Directions - Please give back only the lines below from the one containing "Thấy gì từ trận" to the one containing "goteo de café", each repeated word for word, both ends included.

Excerpted data -
*** Block opens ***
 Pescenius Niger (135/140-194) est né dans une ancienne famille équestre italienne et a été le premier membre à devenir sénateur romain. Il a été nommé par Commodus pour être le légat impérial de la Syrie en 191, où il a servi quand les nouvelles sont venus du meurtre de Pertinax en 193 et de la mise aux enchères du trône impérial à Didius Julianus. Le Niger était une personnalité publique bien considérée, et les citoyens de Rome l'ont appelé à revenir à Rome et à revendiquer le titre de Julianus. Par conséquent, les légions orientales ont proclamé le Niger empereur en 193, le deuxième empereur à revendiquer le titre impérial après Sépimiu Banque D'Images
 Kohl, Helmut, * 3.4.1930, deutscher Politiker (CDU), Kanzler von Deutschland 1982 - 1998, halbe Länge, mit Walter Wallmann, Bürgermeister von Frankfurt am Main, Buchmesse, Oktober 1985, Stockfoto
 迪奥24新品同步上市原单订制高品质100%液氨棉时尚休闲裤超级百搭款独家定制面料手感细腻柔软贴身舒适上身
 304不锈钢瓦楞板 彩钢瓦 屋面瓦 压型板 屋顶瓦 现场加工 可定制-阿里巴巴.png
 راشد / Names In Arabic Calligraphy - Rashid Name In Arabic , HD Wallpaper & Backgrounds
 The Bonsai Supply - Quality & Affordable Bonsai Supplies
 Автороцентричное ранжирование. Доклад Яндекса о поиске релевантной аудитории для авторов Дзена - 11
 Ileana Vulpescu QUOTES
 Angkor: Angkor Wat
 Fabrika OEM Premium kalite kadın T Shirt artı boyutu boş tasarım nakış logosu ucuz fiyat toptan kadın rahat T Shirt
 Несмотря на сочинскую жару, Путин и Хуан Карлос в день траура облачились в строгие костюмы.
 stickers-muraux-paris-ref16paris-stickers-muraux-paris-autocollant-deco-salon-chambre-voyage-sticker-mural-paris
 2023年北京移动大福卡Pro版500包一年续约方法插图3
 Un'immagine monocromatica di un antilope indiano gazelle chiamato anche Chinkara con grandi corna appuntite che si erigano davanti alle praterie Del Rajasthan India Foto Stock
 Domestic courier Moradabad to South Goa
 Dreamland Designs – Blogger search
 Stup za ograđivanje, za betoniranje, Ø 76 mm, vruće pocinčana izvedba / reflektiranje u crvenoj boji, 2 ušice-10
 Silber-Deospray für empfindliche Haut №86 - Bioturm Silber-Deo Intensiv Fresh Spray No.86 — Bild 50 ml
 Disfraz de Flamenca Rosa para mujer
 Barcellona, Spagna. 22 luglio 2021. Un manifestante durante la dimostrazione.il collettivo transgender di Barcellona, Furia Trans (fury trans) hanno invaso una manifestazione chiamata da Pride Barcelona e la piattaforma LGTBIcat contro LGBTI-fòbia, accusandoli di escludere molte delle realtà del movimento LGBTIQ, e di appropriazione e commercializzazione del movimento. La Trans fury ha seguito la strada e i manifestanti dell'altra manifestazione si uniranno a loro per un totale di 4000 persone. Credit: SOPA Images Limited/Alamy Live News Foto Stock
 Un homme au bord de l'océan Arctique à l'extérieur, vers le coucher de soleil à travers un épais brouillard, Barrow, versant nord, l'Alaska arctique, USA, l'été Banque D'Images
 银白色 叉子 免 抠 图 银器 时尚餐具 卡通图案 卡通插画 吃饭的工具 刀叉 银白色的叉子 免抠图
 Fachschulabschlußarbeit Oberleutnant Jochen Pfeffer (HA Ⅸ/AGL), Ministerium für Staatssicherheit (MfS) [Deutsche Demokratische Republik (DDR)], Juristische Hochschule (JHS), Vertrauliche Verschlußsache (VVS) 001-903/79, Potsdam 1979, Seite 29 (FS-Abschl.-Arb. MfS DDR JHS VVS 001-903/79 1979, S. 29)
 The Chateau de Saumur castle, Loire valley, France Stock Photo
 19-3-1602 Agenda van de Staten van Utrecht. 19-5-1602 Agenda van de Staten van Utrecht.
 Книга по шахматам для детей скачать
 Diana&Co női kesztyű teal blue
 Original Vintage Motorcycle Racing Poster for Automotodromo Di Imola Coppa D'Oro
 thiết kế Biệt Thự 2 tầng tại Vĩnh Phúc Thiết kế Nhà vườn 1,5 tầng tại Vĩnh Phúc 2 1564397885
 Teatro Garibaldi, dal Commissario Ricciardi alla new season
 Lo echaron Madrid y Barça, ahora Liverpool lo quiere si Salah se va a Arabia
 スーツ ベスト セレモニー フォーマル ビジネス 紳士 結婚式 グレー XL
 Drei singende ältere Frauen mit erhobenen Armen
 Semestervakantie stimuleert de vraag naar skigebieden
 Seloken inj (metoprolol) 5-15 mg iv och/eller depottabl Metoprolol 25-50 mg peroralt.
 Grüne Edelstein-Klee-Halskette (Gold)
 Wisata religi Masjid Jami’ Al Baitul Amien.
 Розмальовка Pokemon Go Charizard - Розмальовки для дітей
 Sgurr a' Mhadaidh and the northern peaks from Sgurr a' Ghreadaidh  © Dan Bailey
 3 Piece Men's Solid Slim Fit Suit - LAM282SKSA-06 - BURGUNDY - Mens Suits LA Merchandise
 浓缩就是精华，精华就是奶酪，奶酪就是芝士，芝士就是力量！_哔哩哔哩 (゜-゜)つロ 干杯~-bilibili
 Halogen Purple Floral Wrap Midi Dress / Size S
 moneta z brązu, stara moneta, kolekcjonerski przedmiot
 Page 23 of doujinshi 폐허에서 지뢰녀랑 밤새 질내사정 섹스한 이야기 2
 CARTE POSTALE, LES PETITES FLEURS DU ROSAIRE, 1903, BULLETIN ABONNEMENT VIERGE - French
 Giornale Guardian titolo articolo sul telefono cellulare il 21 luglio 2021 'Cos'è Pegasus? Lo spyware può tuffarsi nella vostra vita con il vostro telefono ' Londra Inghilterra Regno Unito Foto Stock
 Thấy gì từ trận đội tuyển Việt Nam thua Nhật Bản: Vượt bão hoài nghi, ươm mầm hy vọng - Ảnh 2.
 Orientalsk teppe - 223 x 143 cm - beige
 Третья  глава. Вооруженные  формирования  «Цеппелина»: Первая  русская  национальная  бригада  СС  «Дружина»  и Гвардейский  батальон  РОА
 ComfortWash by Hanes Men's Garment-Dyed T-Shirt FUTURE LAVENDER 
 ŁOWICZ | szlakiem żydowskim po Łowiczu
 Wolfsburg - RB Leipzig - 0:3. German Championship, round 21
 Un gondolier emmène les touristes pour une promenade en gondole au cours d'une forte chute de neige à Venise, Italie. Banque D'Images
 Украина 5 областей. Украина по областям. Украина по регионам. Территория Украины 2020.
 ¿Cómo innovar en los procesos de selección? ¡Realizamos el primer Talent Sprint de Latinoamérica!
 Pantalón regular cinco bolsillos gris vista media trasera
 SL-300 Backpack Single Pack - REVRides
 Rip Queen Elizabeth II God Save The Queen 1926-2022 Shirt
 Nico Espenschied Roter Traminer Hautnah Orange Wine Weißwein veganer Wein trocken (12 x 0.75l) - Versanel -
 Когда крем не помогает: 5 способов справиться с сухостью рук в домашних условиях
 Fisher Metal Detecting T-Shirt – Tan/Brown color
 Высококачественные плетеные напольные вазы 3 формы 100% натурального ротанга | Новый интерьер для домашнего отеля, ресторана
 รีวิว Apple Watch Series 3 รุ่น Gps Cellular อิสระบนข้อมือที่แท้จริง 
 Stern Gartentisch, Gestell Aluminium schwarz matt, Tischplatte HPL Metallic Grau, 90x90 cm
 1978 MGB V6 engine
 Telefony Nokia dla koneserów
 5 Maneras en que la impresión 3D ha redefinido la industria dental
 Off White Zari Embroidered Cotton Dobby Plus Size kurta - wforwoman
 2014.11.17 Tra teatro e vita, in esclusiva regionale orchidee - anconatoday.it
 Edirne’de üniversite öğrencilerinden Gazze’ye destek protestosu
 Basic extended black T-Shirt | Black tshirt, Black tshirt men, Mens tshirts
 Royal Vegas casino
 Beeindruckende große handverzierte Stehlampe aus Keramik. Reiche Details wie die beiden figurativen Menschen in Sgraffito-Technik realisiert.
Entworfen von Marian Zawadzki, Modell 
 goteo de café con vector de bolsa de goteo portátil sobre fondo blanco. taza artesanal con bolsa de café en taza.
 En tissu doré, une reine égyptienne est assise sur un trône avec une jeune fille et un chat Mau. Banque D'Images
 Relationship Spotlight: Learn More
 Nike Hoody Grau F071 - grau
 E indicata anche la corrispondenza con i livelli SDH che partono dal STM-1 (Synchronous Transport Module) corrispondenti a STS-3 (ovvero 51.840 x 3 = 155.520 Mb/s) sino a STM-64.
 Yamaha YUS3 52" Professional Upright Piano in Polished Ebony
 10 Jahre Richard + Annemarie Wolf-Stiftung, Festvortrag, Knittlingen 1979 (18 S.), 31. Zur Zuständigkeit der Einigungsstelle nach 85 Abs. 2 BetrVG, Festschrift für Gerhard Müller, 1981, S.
*** Block closes ***
Response to the exercise -
 Thấy gì từ trận đội tuyển Việt Nam thua Nhật Bản: Vượt bão hoài nghi, ươm mầm hy vọng - Ảnh 2.
 Orientalsk teppe - 223 x 143 cm - beige
 Третья  глава. Вооруженные  формирования  «Цеппелина»: Первая  русская  национальная  бригада  СС  «Дружина»  и Гвардейский  батальон  РОА
 ComfortWash by Hanes Men's Garment-Dyed T-Shirt FUTURE LAVENDER 
 ŁOWICZ | szlakiem żydowskim po Łowiczu
 Wolfsburg - RB Leipzig - 0:3. German Championship, round 21
 Un gondolier emmène les touristes pour une promenade en gondole au cours d'une forte chute de neige à Venise, Italie. Banque D'Images
 Украина 5 областей. Украина по областям. Украина по регионам. Территория Украины 2020.
 ¿Cómo innovar en los procesos de selección? ¡Realizamos el primer Talent Sprint de Latinoamérica!
 Pantalón regular cinco bolsillos gris vista media trasera
 SL-300 Backpack Single Pack - REVRides
 Rip Queen Elizabeth II God Save The Queen 1926-2022 Shirt
 Nico Espenschied Roter Traminer Hautnah Orange Wine Weißwein veganer Wein trocken (12 x 0.75l) - Versanel -
 Когда крем не помогает: 5 способов справиться с сухостью рук в домашних условиях
 Fisher Metal Detecting T-Shirt – Tan/Brown color
 Высококачественные плетеные напольные вазы 3 формы 100% натурального ротанга | Новый интерьер для домашнего отеля, ресторана
 รีวิว Apple Watch Series 3 รุ่น Gps Cellular อิสระบนข้อมือที่แท้จริง 
 Stern Gartentisch, Gestell Aluminium schwarz matt, Tischplatte HPL Metallic Grau, 90x90 cm
 1978 MGB V6 engine
 Telefony Nokia dla koneserów
 5 Maneras en que la impresión 3D ha redefinido la industria dental
 Off White Zari Embroidered Cotton Dobby Plus Size kurta - wforwoman
 2014.11.17 Tra teatro e vita, in esclusiva regionale orchidee - anconatoday.it
 Edirne’de üniversite öğrencilerinden Gazze’ye destek protestosu
 Basic extended black T-Shirt | Black tshirt, Black tshirt men, Mens tshirts
 Royal Vegas casino
 Beeindruckende große handverzierte Stehlampe aus Keramik. Reiche Details wie die beiden figurativen Menschen in Sgraffito-Technik realisiert.
Entworfen von Marian Zawadzki, Modell 
 goteo de café con vector de bolsa de goteo portátil sobre fondo blanco. taza artesanal con bolsa de café en taza.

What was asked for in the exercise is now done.